RHEL Engineering is moving the tracking of its product development work on RHEL 6 through RHEL 9 to Red Hat Jira (issues.redhat.com). If you're a Red Hat customer, please continue to file support cases via the Red Hat customer portal. If you're not, please head to the "RHEL project" in Red Hat Jira and file new tickets here. Individual Bugzilla bugs in the statuses "NEW", "ASSIGNED", and "POST" are being migrated throughout September 2023. Bugs of Red Hat partners with an assigned Engineering Partner Manager (EPM) are migrated in late September as per pre-agreed dates. Bugs against components "kernel", "kernel-rt", and "kpatch" are only migrated if still in "NEW" or "ASSIGNED". If you cannot log in to RH Jira, please consult article #7032570. That failing, please send an e-mail to the RH Jira admins at rh-issues@redhat.com to troubleshoot your issue as a user management inquiry. The email creates a ServiceNow ticket with Red Hat.

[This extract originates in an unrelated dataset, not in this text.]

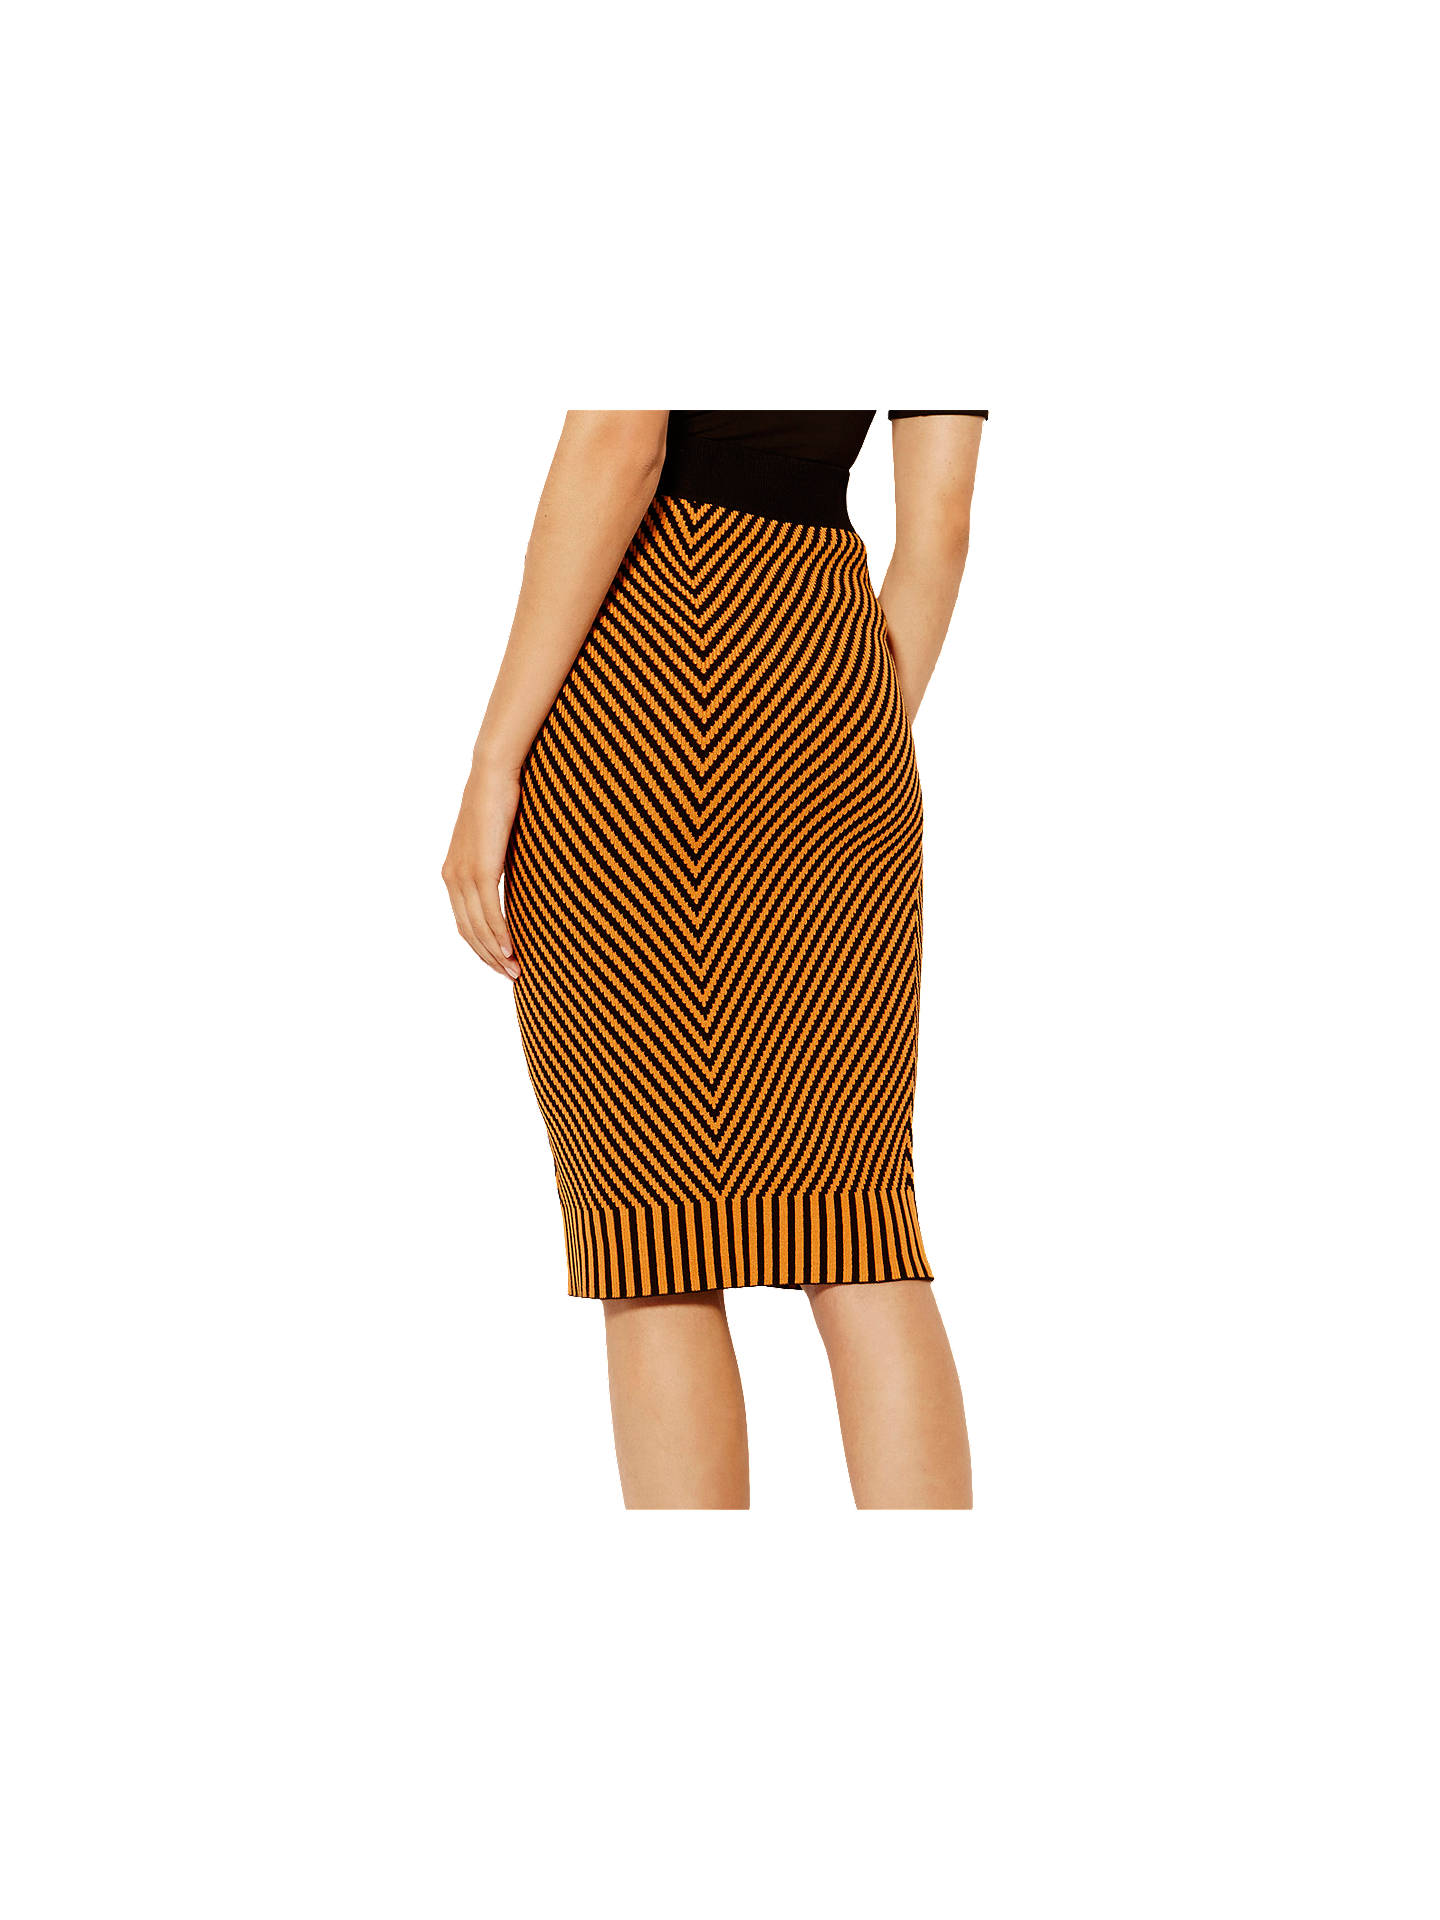 65a066cf75 ... Buy Karen Millen Contrast Knitted Pencil Skirt, Orange/Multi, XS Online  at johnlewis ...

Individual Bugzilla bugs that are migrated will be moved to status "CLOSED", resolution "MIGRATED", and set with "MigratedToJIRA" in "Keywords". The link to the successor Jira issue will be found under "Links", have a little "two-footprint" icon next to it, and direct you to the "RHEL project" in Red Hat Jira (issue links are of type "https://issues.redhat.com/browse/RHEL-XXXX", where "X" is a digit). This same link will be available in a blue banner at the top of the page informing you that that bug has been migrated.

Bug 1356615

Summary:	Kdump fails to start due to the customer using a tap device on openvpn.
Product:	Red Hat Enterprise Linux 6	Reporter:	Billy Woods <bwoods>
Component:	kexec-tools	Assignee:	Xunlei Pang <xlpang>
Status:	CLOSED ERRATA	QA Contact:	Qiao Zhao <qzhao>
Severity:	high	Docs Contact:
Priority:	urgent
Version:	6.7	CC:	bhe, bwoods, ccui, cye, dyoung, jaeshin, mmilgram, ruyang, xlpang
Target Milestone:	rc	Keywords:	ZStream
Target Release:	---
Hardware:	x86_64
OS:	Linux
Whiteboard:
Fixed In Version:	kexec-tools-2.0.0-301.el6	Doc Type:	If docs needed, set a value
Doc Text:	undefined	Story Points:	---
Clone Of:
Clones:	1375890 (view as bug list)		Environment:
Last Closed:	2017-03-21 09:12:35 UTC	Type:	Bug
Regression:	---	Mount Type:	---
Documentation:	---	CRM:
Verified Versions:		Category:	---
oVirt Team:	---	RHEL 7.3 requirements from Atomic Host:
Cloudforms Team:	---	Target Upstream Version:
Embargoed:
Bug Depends On:
Bug Blocks:	1269194, 1359574, 1366045, 1375890

Description Billy Woods 2016-07-14 13:18:18 UTC

Description of problem:

Customer is running kexec-tools-2.0.0-300.el6.x86_64. Kdump fails to start due to the customer using a tap device on openvpn. Case number 01620459

Version-Release number of selected component (if applicable):

kexec-tools-2.0.0-300.el6.x86_64

How reproducible:

Every time

Steps to reproduce:

 Created By: Robb Manes  (6/20/2016 3:48 PM)

// Working Notes - these notes are not intended as a meaningful communication
// but rather an indicator of current thought processes and reference.
// Please feel free to comment and ask questions concerning them.  

My steps to reproduce, which worked without problems:

Make the tap device manually:

	# tunctl -t tap0
	Set 'tap0' persistent and owned by uid 0

Set up SSH kdump:

	/etc/kdump.conf
	ssh kdump.redhat.com
	path /share/

Set up kdump keys:

	# service kdump propagate
	Using existing keys...
	kdump.redhat.com's password: 
	/root/.ssh/kdump_id_rsa has been added to ~kdump/.ssh/authorized_keys on waffle.usersys.redhat.com

Restart kdump:

	# service kdump restart
	Stopping kdump:                                            [  OK  ]
	Detected change(s) the following file(s):
	  
	  /etc/kdump.conf
	Rebuilding /boot/initrd-2.6.32-642.el6.x86_64kdump.img
	Starting kdump:                                            [  OK  ]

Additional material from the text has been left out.